So, just for fun... I created a 100Gb file extent (instead of a ZFS volume), and did the same thing... filled all 100Gb from Windows via iSCSI.

'zfs list' reports only 100Gb used...

Code:
NAME      USED  AVAIL  REFER  MOUNTPOINT
ZPOOL01   100G  7.03T   100G  /mnt/ZPOOL01

-rw-r--r--  1 root  wheel  107374182400 Jun 16 11:12 iscsiExtent





As another test, I created a ZFS Dataset ("Shared"), limited it to both a quota and reservation of both 100Gb. This time, I shared the Dataset via CIFS/SMB and filled it up with files from Windows

'zfs list' reports on 100Gb used...
Code:
NAME             USED  AVAIL  REFER  MOUNTPOINT
ZPOOL01          100G  7.03T   312K  /mnt/ZPOOL01
ZPOOL01/Shared   100G      0   100G  /mnt/ZPOOL01/Shared





I can only surmise that sharing a ZFS Volume via iSCSI creates additional metadata that is not required via a normal network share or even an iSCSI file extent. If I didn't know any better, I'd say that it'd be something silly like each low-level iSCSI block is being treated as a file at a ZFS level, and incurring some metadata overhead with each block write. An iSCSI share via a file extent would probably only incur a single files worth of metadata. That's just pure guesswork though.

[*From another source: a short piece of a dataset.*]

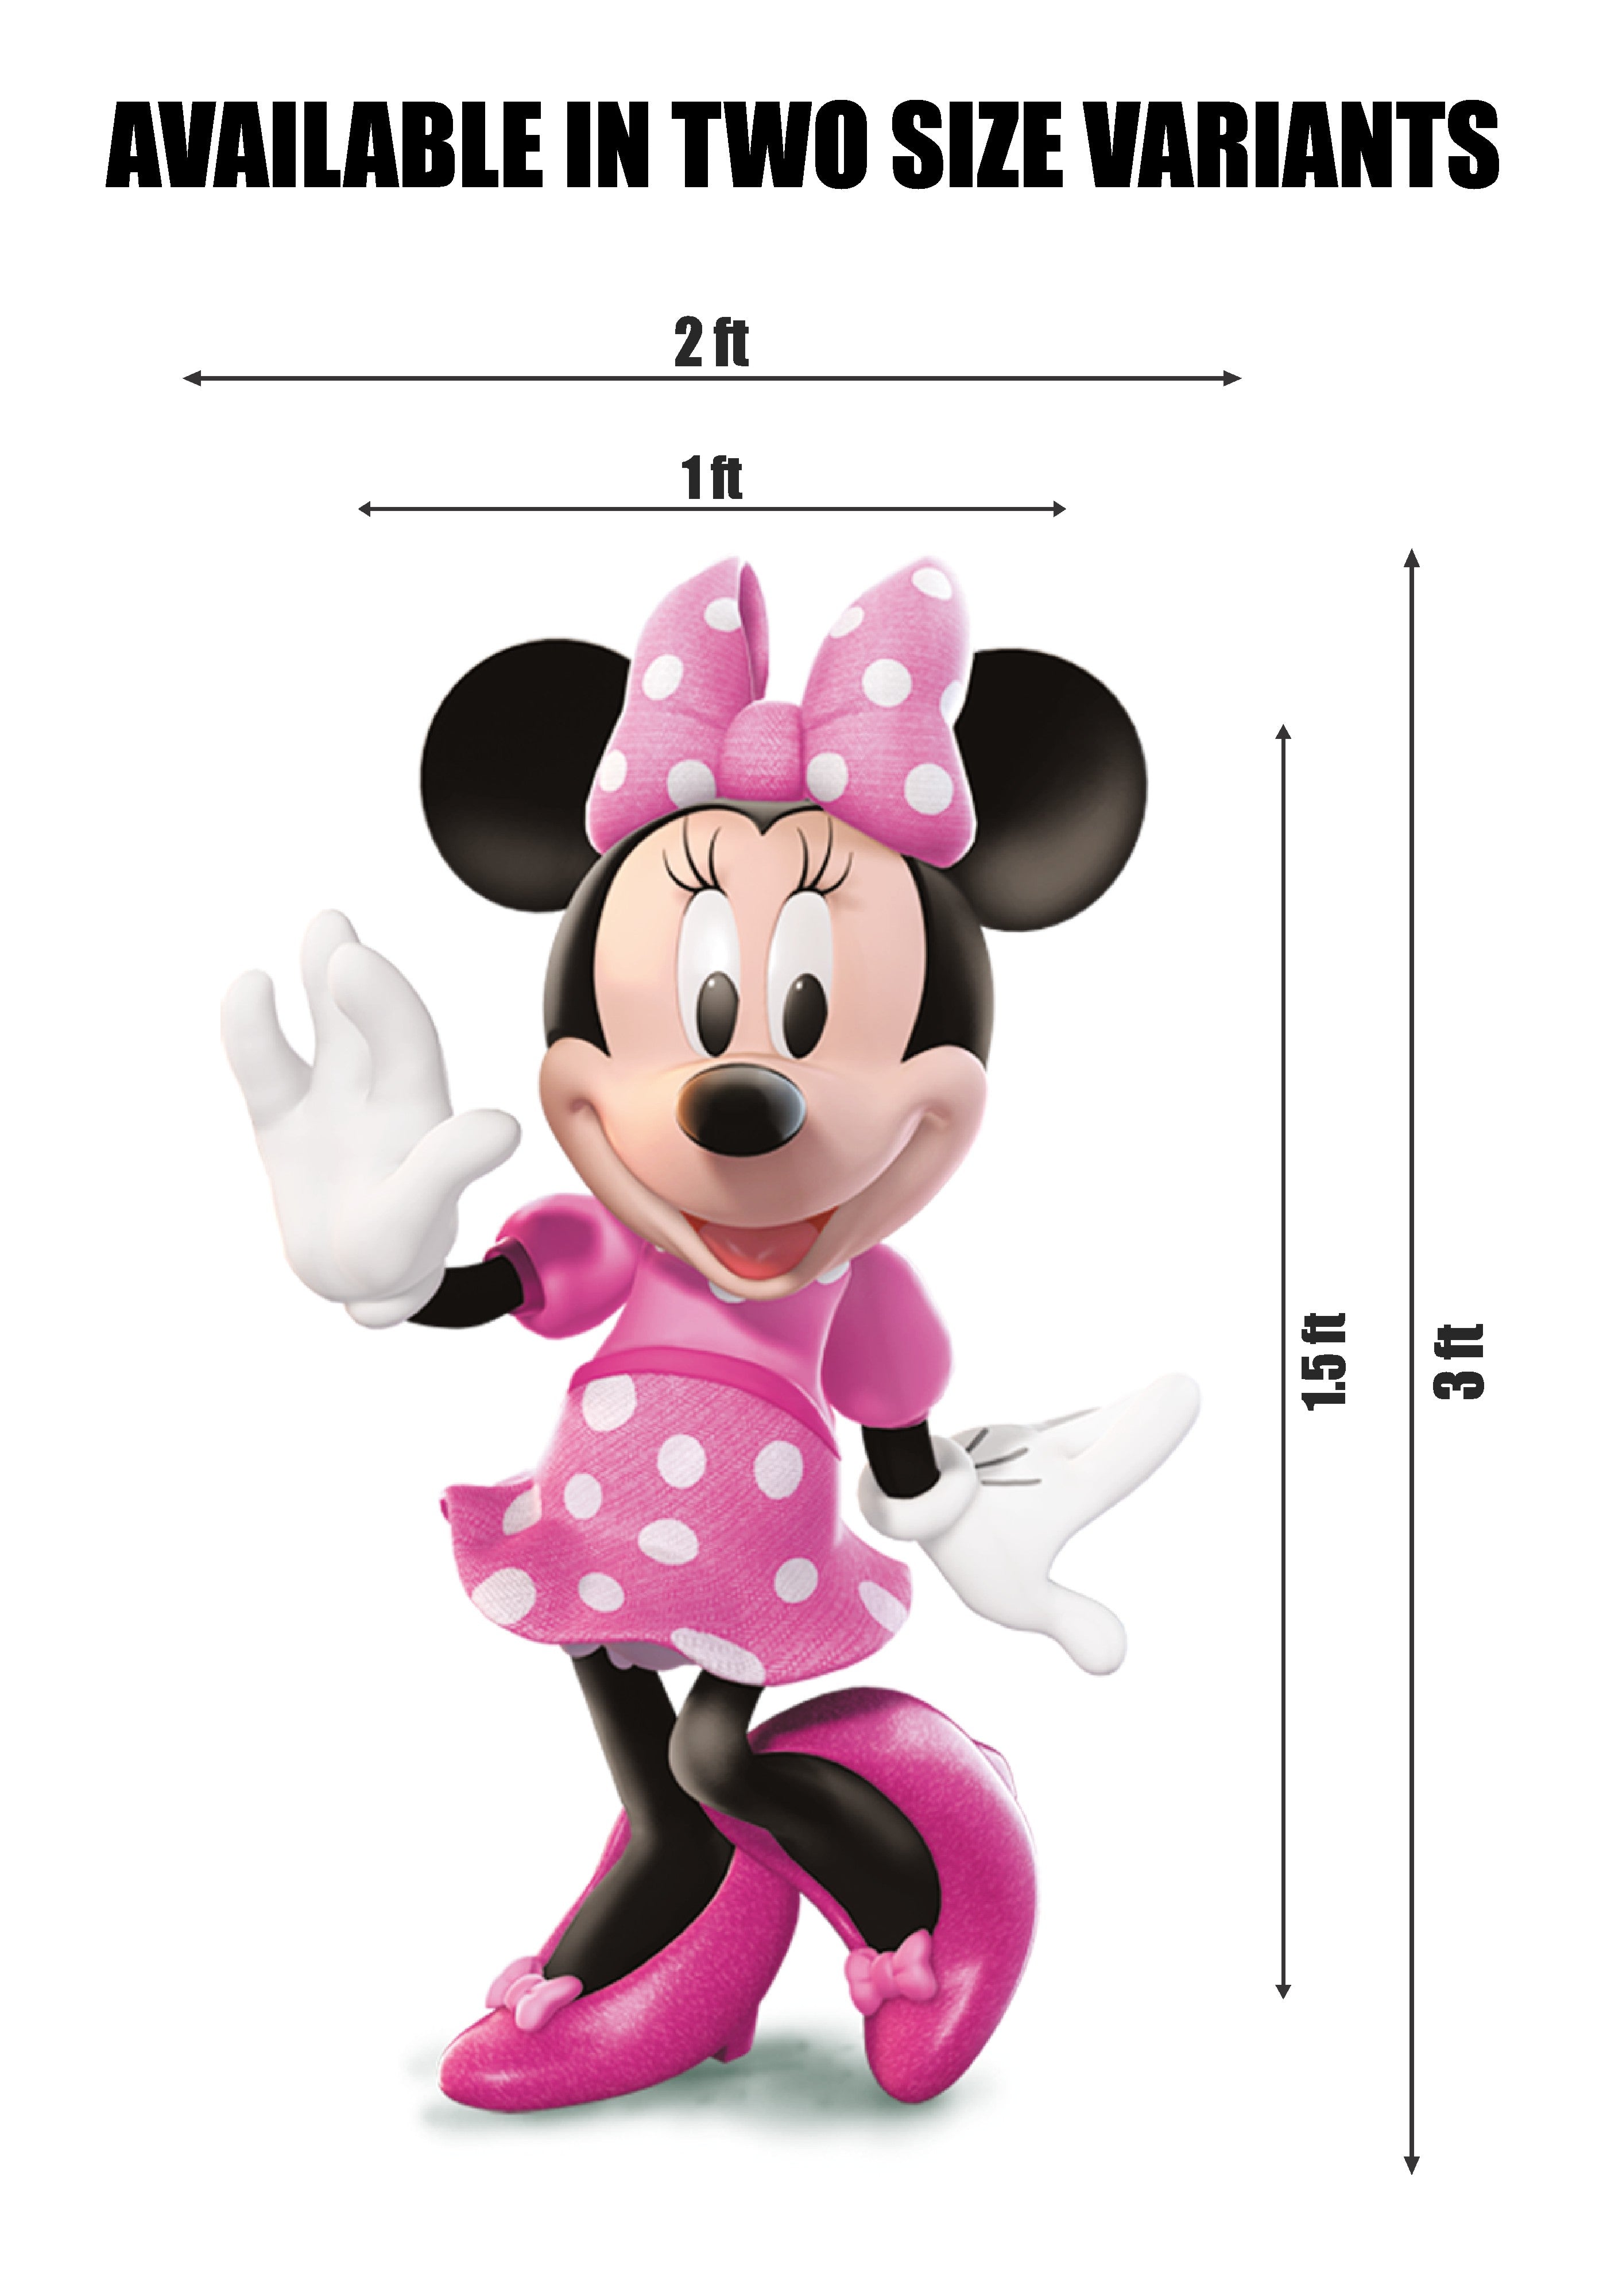 Disney Traditions St. Patrick's Minnie Mouse Personality Pose Figurine  6010109

I guess I'll either go with a file extent, or a straight CIFS share back to my WHS box. Not what I originally intended, but I can't really afford to lose 2x the space, when I've already dedicated 2x2Tb drives to recovery information via RAID-Z2.
 

paleoN

Wizard
Joined
Apr 22, 2012
Messages
1,403
I can only surmise that sharing a ZFS Volume via iSCSI creates additional metadata that is not required via a normal network share or even an iSCSI file extent.
Your surmise is partly wrong :eek:

If I didn't know any better, I'd say that it'd be something silly like each low-level iSCSI block is being treated as a file at a ZFS level, and incurring some metadata overhead with each block write. An iSCSI share via a file extent would probably only incur a single files worth of metadata. That's just pure guesswork though.
Here you are partly right. iSCSI file extent single files worth of metadata isn't 1. With a default/max record size of 128Kb your 100Gb file extent is using 819,200 records each creating metadata for an additional 0.1953125Gb of space.

Now device extents do create more metadata, but that's because they are using a record size of 8Kb. 100Gb - 13,107,200 records for record size of 8K and 3.125Gb of additional space. Do note the space is not double.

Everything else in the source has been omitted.